I Edición
Crítica de Cine: Dejad que los niños se acerquen a mí

Dejad que los niños se acerquen a mí

  • Título: Beasts of no Nation
  • Cary Joji Fukunaga
  • 2015
  • EE.UU.

En un país africano desconocido, un niño tendrá que sobrevivir a la cruenta guerra civil que asola a todo lo que le rodea. Durante el largo trayecto que recorre, tendrá que sobrepasar las condiciones más adversas a las que un niño pueda verse afectado, acabando por convertirse en un soldado, uno de tantos “niños de la guerra”. La dirección del largometraje corre a cuenta de Cary Fukunaga, que alejándose de la riqueza visual y la detallada fachada de sus anteriores trabajos, opta esta vez por representar una realidad menos detallista, más cruda de cara al espectador. Debido a la buena mezcla de la dirección escénica, un reparto eficaz y un guión sencillo a la par que paradigmático, esta película alcanza una forma admirable y conmovedora.

En un argumento cuya clave está demasiado alejada de otras películas bélicas pero sí ha sido anteriormente utilizado, como es la visión o la vivencia de un niño en la guerra, lo que realmente resulta complejo es la elección y los caminos que tomará ese personaje infantil.
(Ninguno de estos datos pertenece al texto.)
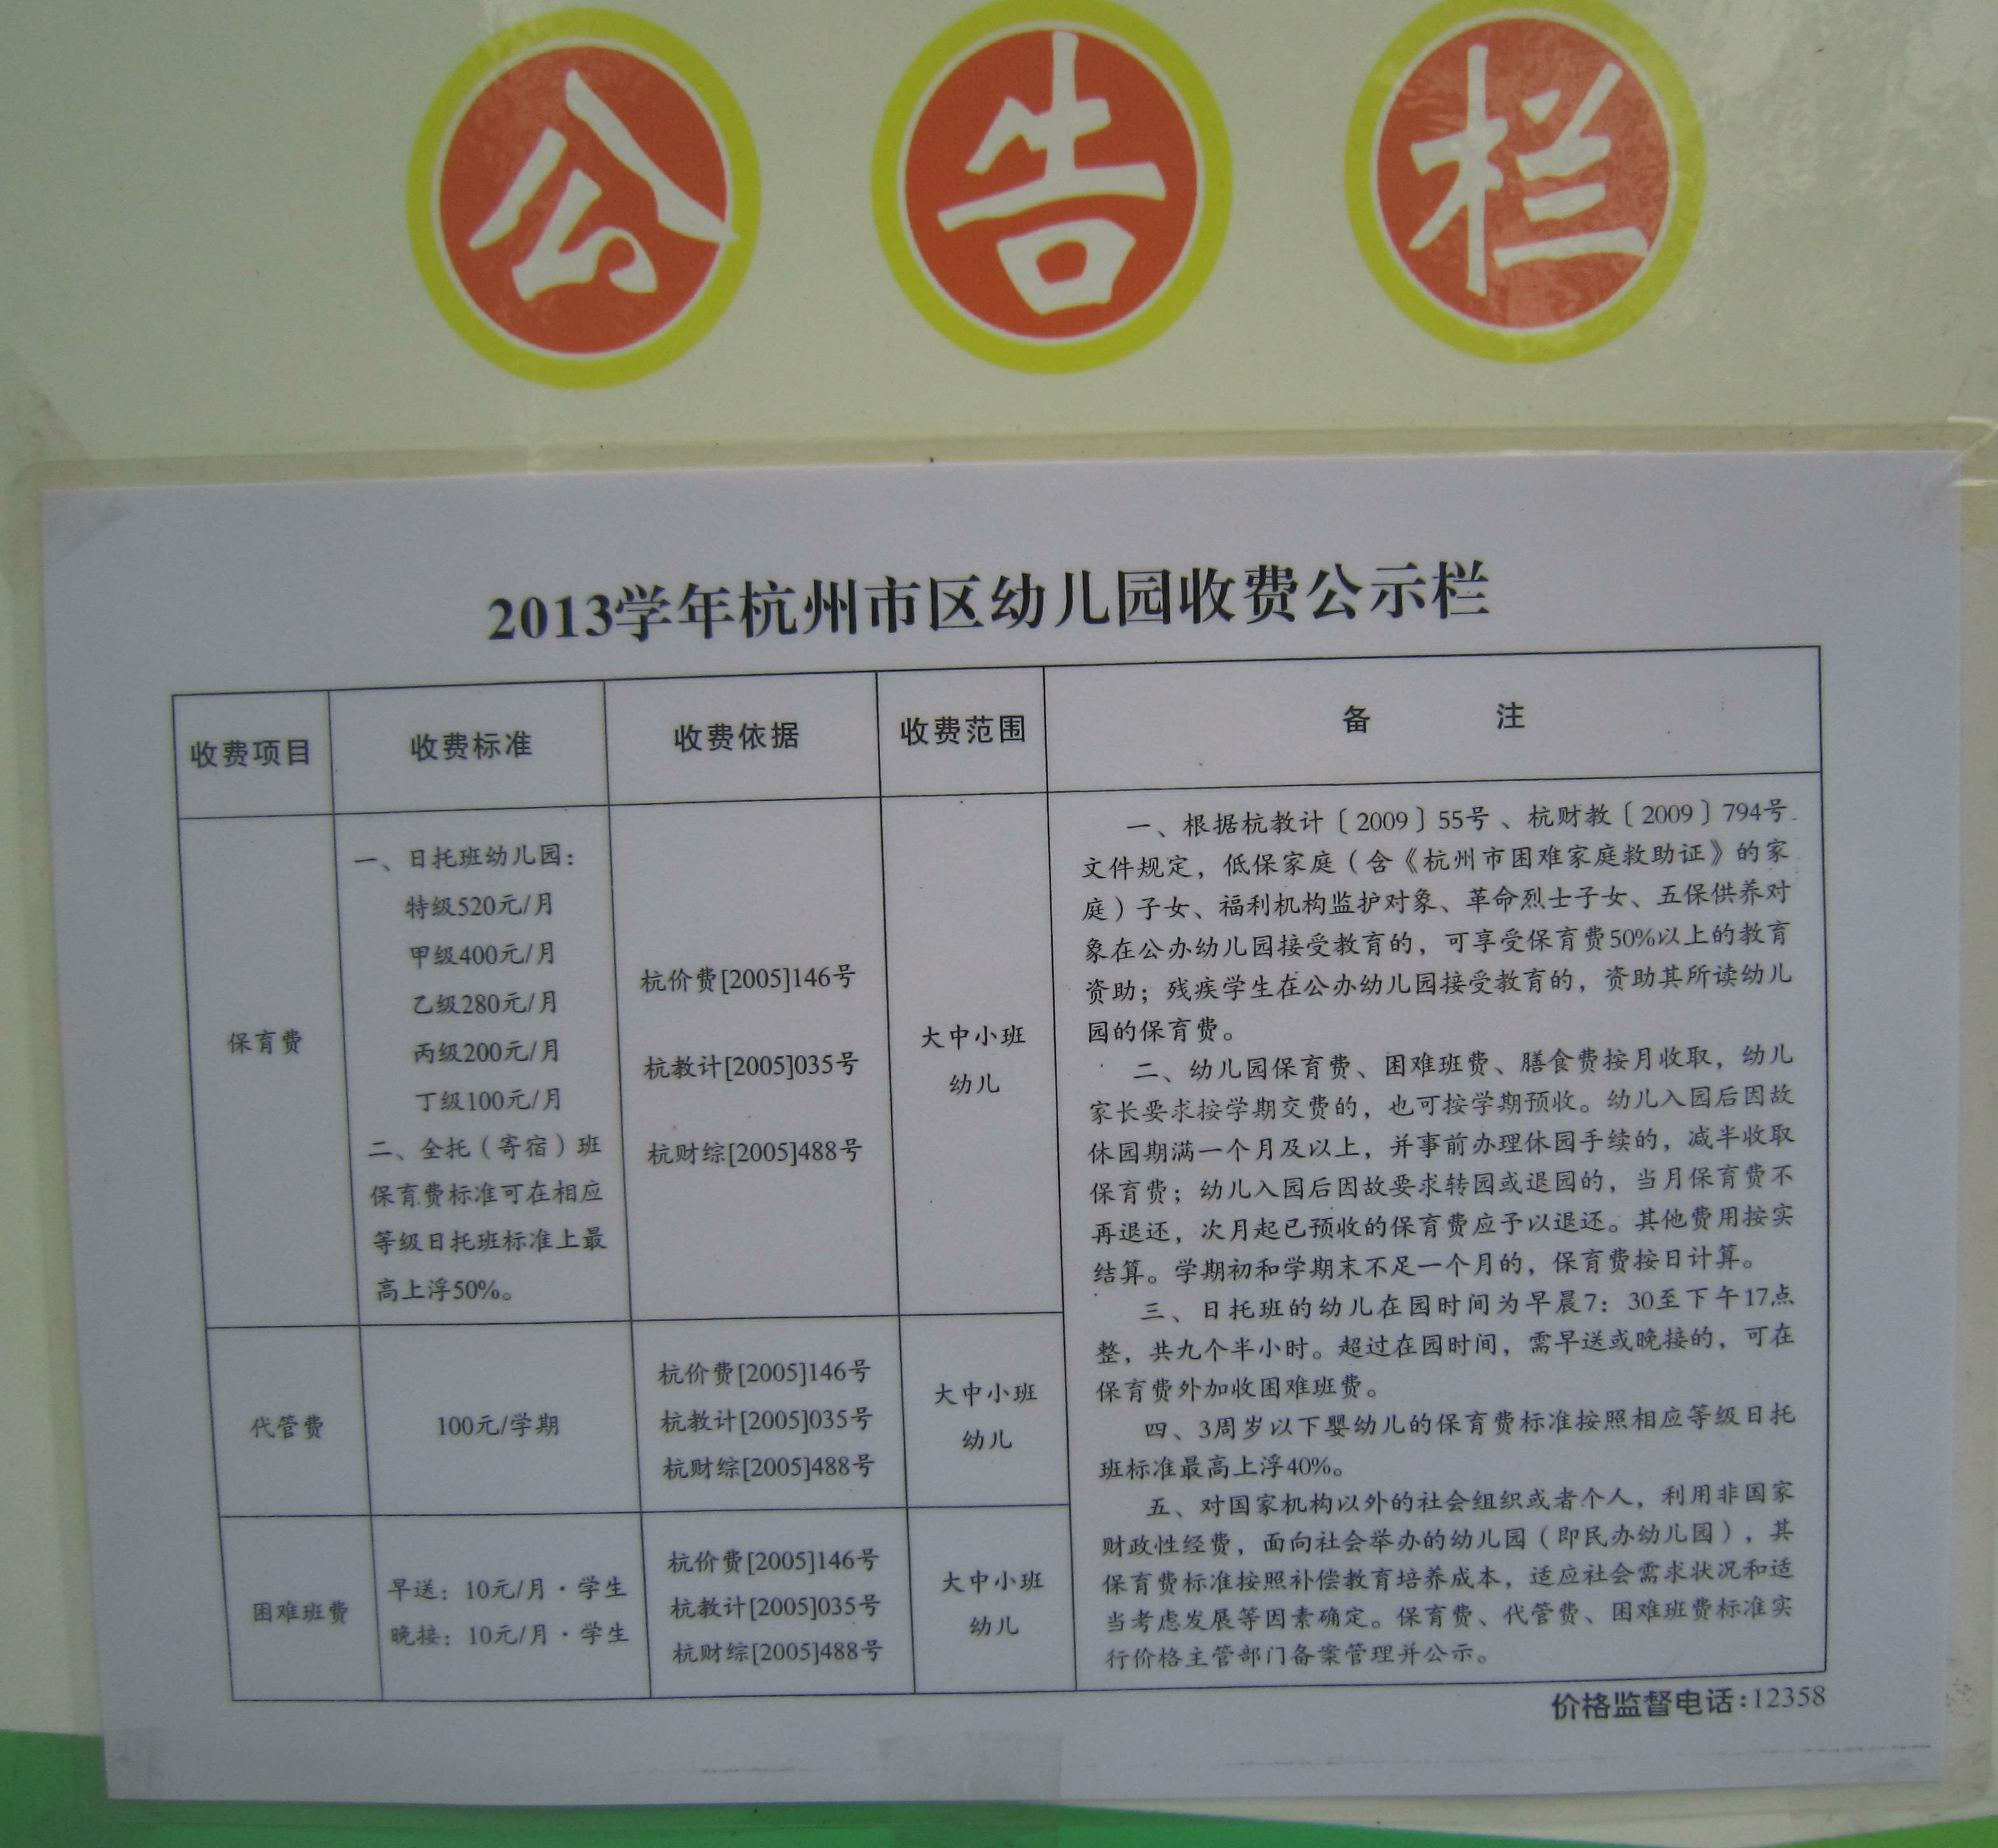 2013学年杭州市区幼儿园收费公示栏

A lo largo de todo el film, se va dibujando un sencillo laberinto de vivencias que el protagonista atraviesa de la única manera que puede, sobreviviendo. La creación de un personaje que sea un niño es una de las mayores dificultades a las que un guionista se deba enfrentar y es posteriormente donde entra en juego la propia versatilidad del actor y la dirección escénica. Es aquí donde nos encontramos con el joven y desconocido actor Abraham Attah, que realiza una actuación tan sumamente brillante, que tan solo nos tendremos que dejar llevar y deleitarnos con su firme avance a lo largo de la historia, donde se topará, muy a su pesar, a un sanguinario comandante interpretado por el polifacético Idris Elba, uno de esos actores que caminan con pies de plomo a lo largo del celuloide y que otra vez, no defrauda.

Cabe la posibilidad de que el espectador tenga alguna que otra reminiscencia de películas bélicas del estilo, pero en este caso se hace una descarnada representación de una de las cosas más horribles que conoce el ser humano, más alejado de lo espectacular, la artificial destrucción o del simple drama, no siendo tampoco rácano a la hora de consumir kilos de dinamita y sangre a borbotones.

Quizás, entrando ya hacia una conclusión final, la cinta se apoye demasiado a un uso abusivo de la voz en off. Puede que sea aquí donde su visionado denote cierta monotonía, pero no debemos olvidarnos que es un tipo de historia que intenta profundizar en el propio punto de vista del personaje, como si de alguna forma tuviésemos la obligación de entrar en su cabeza y remover en sus pensamientos y, lo que es más importante, en sus miedos. En cualquier caso, estamos delante de una historia demoledora, incómoda para el propio espectador, pero que sencillamente hace que salga a flote un gran sentimiento de esperanza, y es ahí, donde el hecho más desgarrador puede también conducirnos a la más profunda de las alegrías.